Every man of the Right should inquire what sort of stump he is defending.  For as the Congregationalist clergyman above quoted put it,

“The future of the world belong to the remnant.”***


*) Charles E. Jefferson, Cardinal Ideas of Isaiah (New York: Macmillan, 1925), p. 136.
**) Jefferson, Cardinal Ideas, p. 137.
***) Jefferson, Cardinal Ideas, p. 122.

2 thoughts on “What Sort of Stump are You Defending?

  1. Remnant theology is in fact the teaching of Scripture. It is not, alas, the official teaching of the Church, which claims that it can never fail as an institution because of some alleged promise of indefectibility. That’s some swell theory; me, I will go on believing my own eyes and ears. The Church today is 100% committed to a counterfeit gospel of human progress; it is therefore a failed institution. It’s going to the bottom … grab your lifeboats.

  2. Jesus spoke about the many & the few much more than most find comfortable.

    Emerson, in his “strike the root” aphorism said something very similar.

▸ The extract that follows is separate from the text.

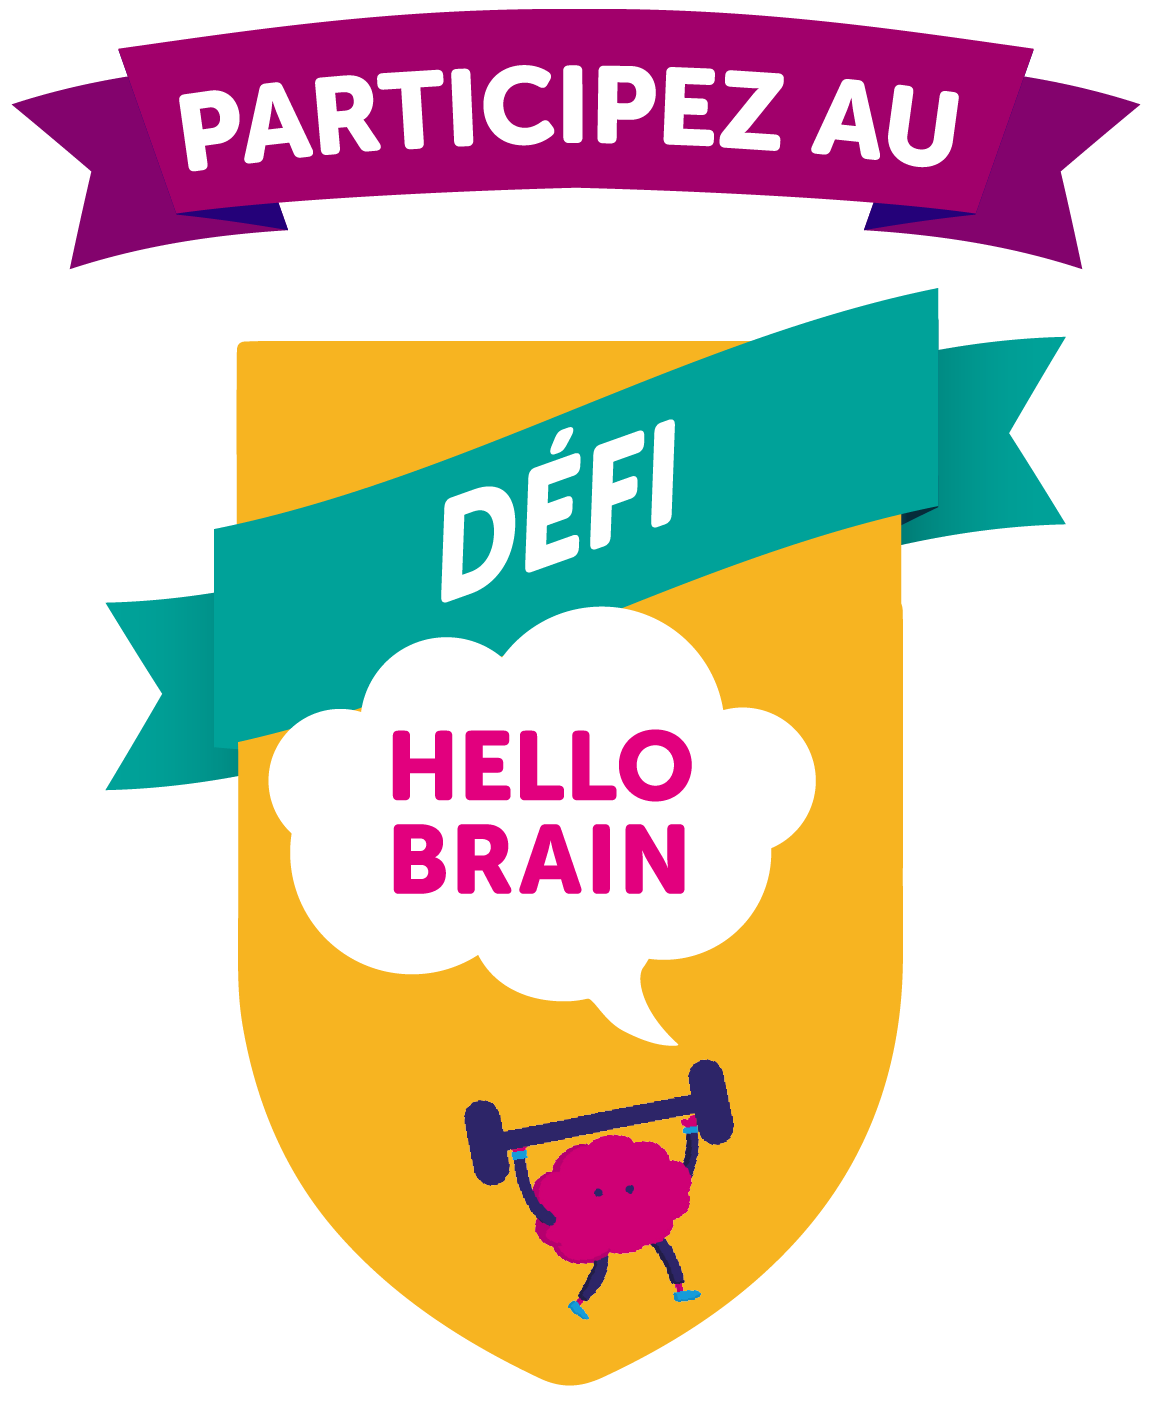 Participez au défi Hello Brain.

    But what makes the remnant is the power of the Holy Ghost: it is thereby that the remnant can work to “save the World by the foolishness of preaching”:

    And when he is come, he will reprove the world of sin, and of righteousness, and of judgment:
    John 16:9: Of sin, because they believe not on me;
    John 16:10: Of righteousness, because I go to my Father, and ye see me no more;
    John 16:11: Of judgment, because the prince of this world is judged.